From the vaults, Not Quite the Man for the Job, poems, Published work

From the vaults: Weighting for the Weekend

In the post-relativity universe,
where measurement has lost all certainty,
the most flexible unit of time
is the weekend.

From Friday night to Monday morning
time stretches and blurs, contracts and bends.

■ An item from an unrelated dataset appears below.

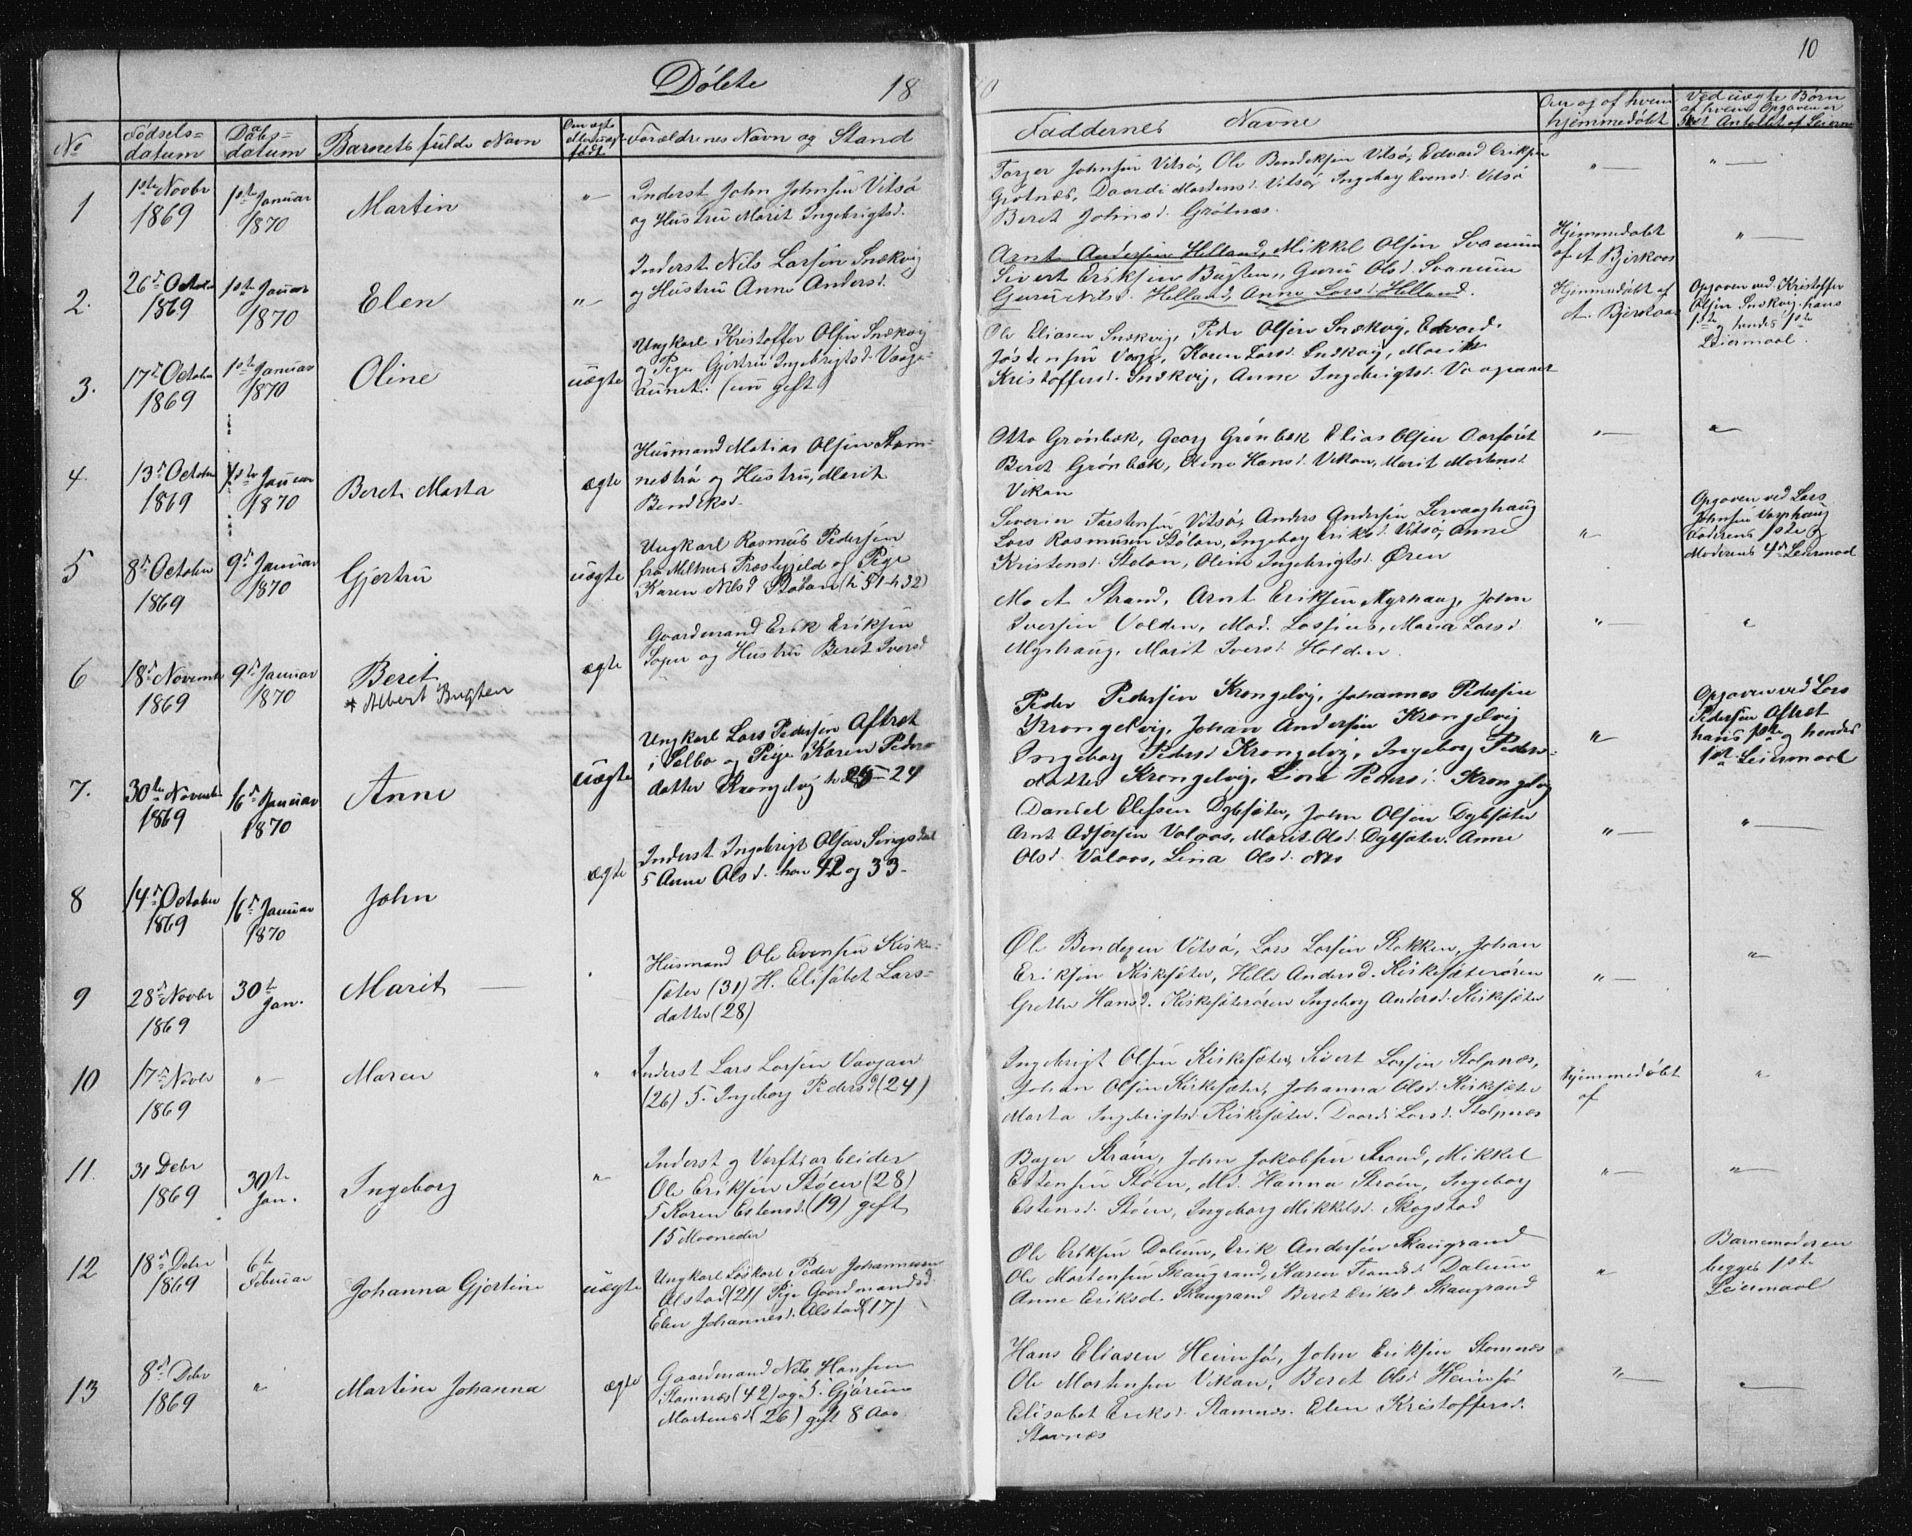 SAT, Ministerialprotokoller, klokkerbøker og fødselsregistre - Sør-Trøndelag, 630/L0503: Klokkerbok nr. 630C01, 1869-1878, s. 10

On end-of-the-working-week Fridays
time slows to a stroll.
and we watch the slow-motion stutter and spin
of the subatomic dance of quarks,
their strangeness and whimsy clearly defined
against the steady electrical hum.

On speedy, partying Saturday nights
time accelerates to breakneck.
Lost in its speed,
we watch the ocean boil
and the volcano-birthing clash of tectonic plates
as the planet re-forms itself.

On lazy, hungover Sunday afternoons
time drags to an almost stop.
At the flick of a switch,
light cascades honey-slow from ceiling to floor,
Einstein’s c reduced to a  billionth
of what it should be.

And on Monday morning time rights itself.
An hour takes an hour, a minute a minute
and we sit and watch our watches,
counting down the second-long seconds,
waiting until next weekend.

Bonus extra unasked-for authorial statement:

Not Quite the Man for the Job, in which this poem first appeared, included a subject index (a nice little gimmick that I carried with me when I started editing Going Down Swinging, which I’m happy to say continued to include subject indices after I stepped down as co-editor) that to my great shame and chagrin includes a listing for one Alfred Einstein. Neither I nor my editor, or the proofreader, picked up the error until it was too late. There was one other science-related error in the book, but that’s an anecdote for another time.